You Are Not Alone
If you are reading this, chances are you feel very alone. And probably lost, ashamed and scared. You are not alone. I don’t know your exact story, but let me share mine.
When I met my husband in college, we fell hard for one another. He was the peanut butter to my jelly. We just got each other. We made one another laugh, think and dream. We shared a common faith in Jesus, a love of books and beautiful things, and a vision for a life we wanted. We were in love.
So, naturally, we married young. Just a few months into marriage it became clear that T.’s struggle with pornography, which he had been somewhat honest about while we were dating, didn’t magically disappear once we said, “I do” (contrary to our unfounded belief). I was devastated and scared. I felt betrayed and insecure. We struggled mostly alone and in the dark. T. sought out accountability with a friend and installed computer accountability software and, according to him, that seemed to “do the trick”.
But then a year later, something showed up on the accountability report. He lied about it at first and then confessed he had been looking again. Again I was heartbroken and terrified. Was this going to be my life? I didn’t sign up for this. It didn’t feel like the faithfulness I was promised. But he cried tears and promised with new resolve to never look again.
I wanted so badly to believe him. I didn’t know about healthy boundaries so instead I just created rules to try to manage him and his time and whereabouts so I would feel safe. Which I didn’t. I struggled with lots of anxiety. I struggled with shame. He assured me his struggle with pornography didn’t have to do with me not being enough, but I couldn’t really buy that. I looked in the mirror and compared myself to the ultra-sexy images I imagined he was indulging in and I knew I could NEVER measure up to that. But I tried.
At the time, I wondered if we should go to counseling, but he assured me that he really felt like he had it under control. And I wanted to believe that. Months and years passed uneventfully with regards to pornography and it began to feel like it was in our rear view mirror. We enjoyed adventuring together around the world, making dear friends and happy memories. We had just settled down back near our families and started a family of our own. Having a baby with my best friend was sweeter than I imagined. I loved watching him become a father.

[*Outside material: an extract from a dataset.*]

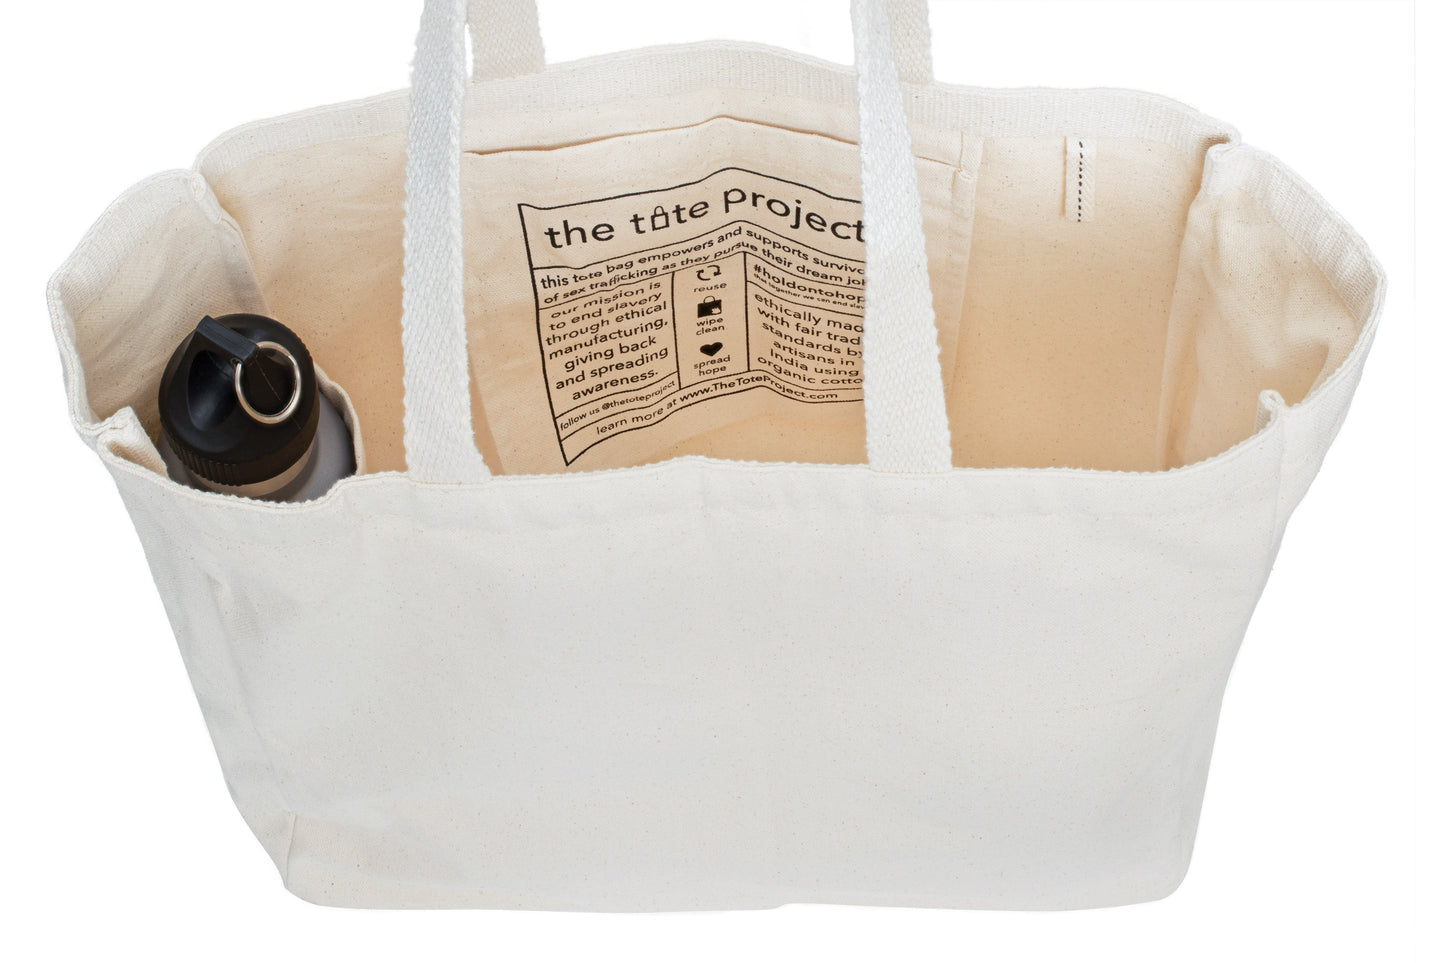 Free to Be | Tote
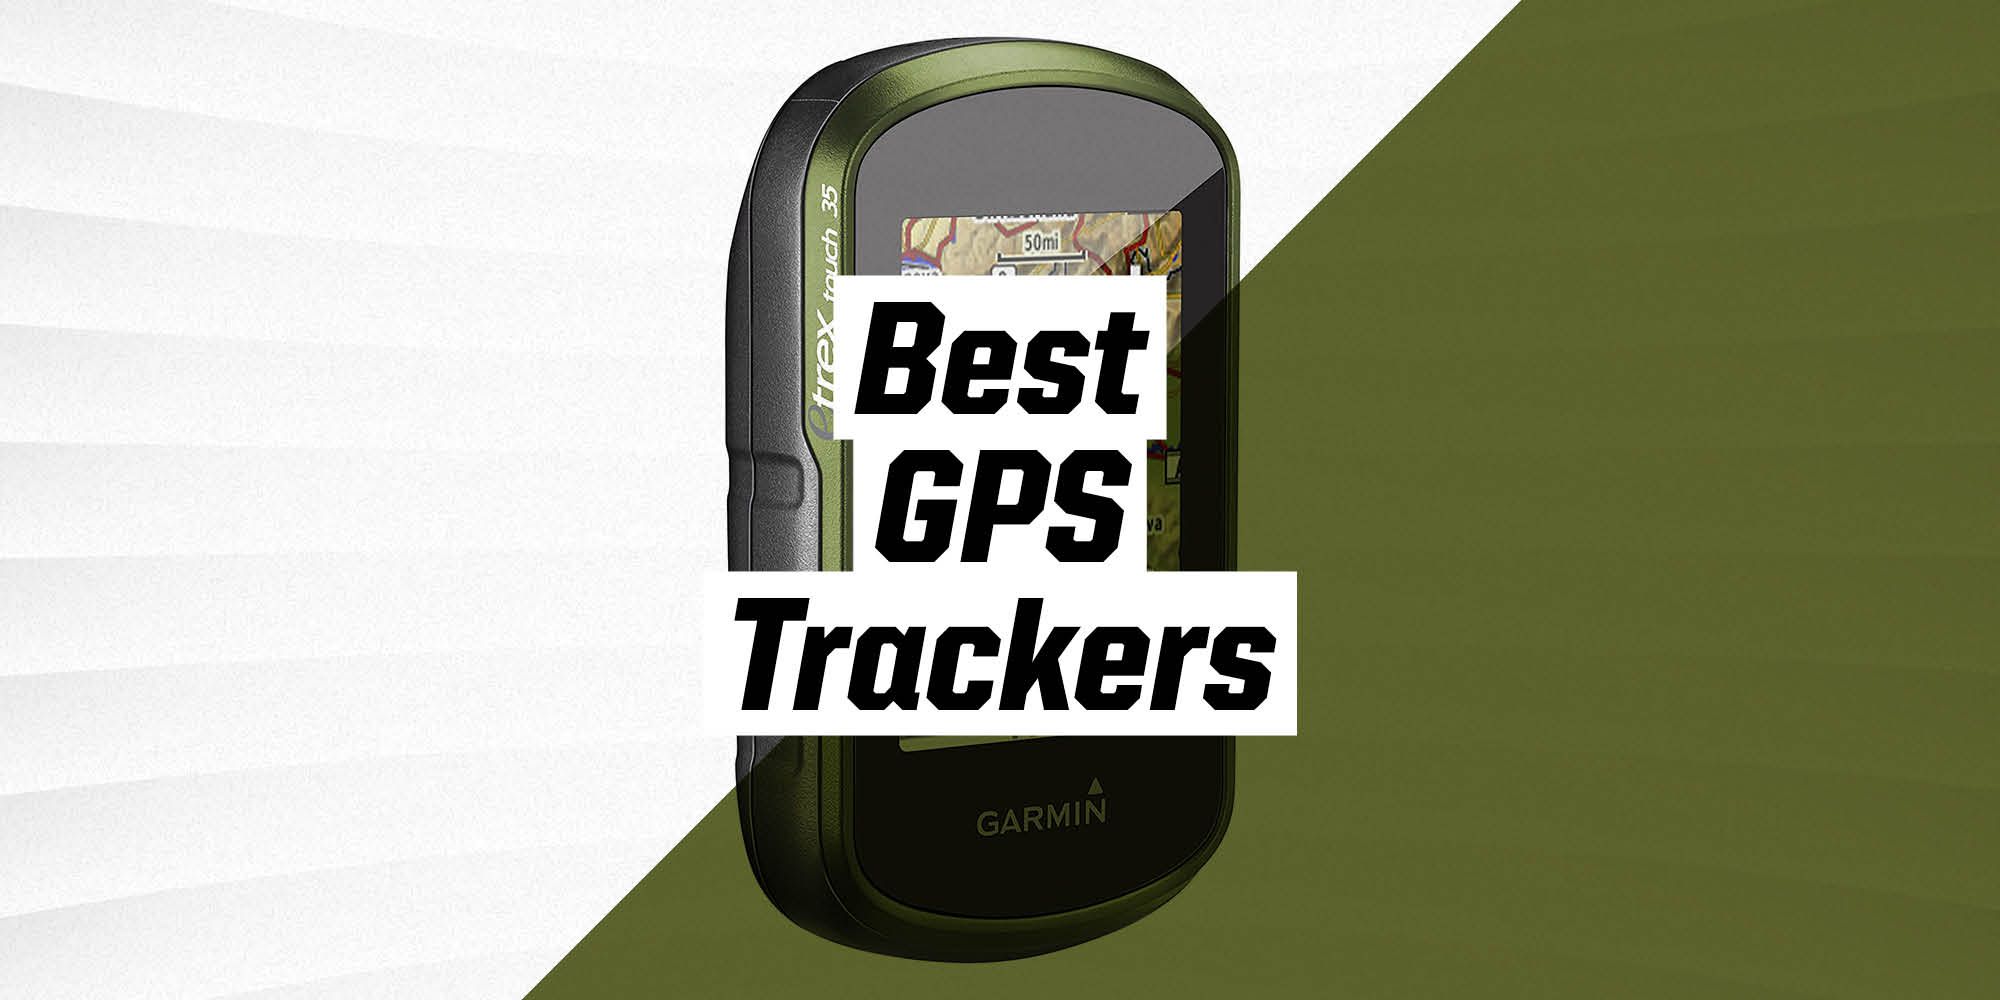 The 9 Best Trackers 2021 - GPS Trackers & Hiking

And then, just six weeks after welcoming our 2nd child into the world, the life I thought we had unraveled. It was a Sunday afternoon. He had been outside on the phone and came inside visibly distressed. He sat down beside me at the dining table where I was writing thank you notes for baby gifts we’d been given. He told me his name was on “the Ashley Madison list” which meant nothing to me at the time as I had never heard of the website or “the list”—I had gotten off Facebook a year or two prior, plus at this particular moment I was sleep deprived and my world revolved around nursing schedules. I did a quick search on my laptop… “Life is short. Have an affair.”
WTF.
I think I laughed. It seemed ridiculous that such a website existed, and I knew my husband (of all people!) wouldn’t have registered for such a thing.
He assured me it was a fraud, which I heartily believed. But, he seemed very unsettled and as I sensed his unease, I gradually began to feel my assurance slipping. The next morning the anxiety in our house was heavy, and I prayed that God would bring to light anything that T. was hiding in the darkness.
He heard me.
Only an hour or so after leaving for work that morning, T. called and said he was coming back home to talk to me. I was playing with my toddler at the time, and I hit my knees in his bedroom. I begged God that what I somehow knew was coming would not be coming. But it came. T. walked in with a pastor from our church and dropped a bomb that shattered everything I thought was real. He told me his struggle with pornography had never ended, and that it had escalated to visiting strip clubs to meeting up with women he found on the internet for sex. He had been living a double life. He had been lying to me for years.
I laughed a nervous, disbelieving laugh. I was shaking. I looked at this man I loved so dearly, and my heart broke for him and the darkness he was in. I asked a couple of random questions, though thousands more would be tormenting in the days and nights ahead. And then I packed up my babies and my bags and left him. And that was the beginning of my journey, following the pillar through indescribable pain toward what I could not imagine at the time—freedom and healing.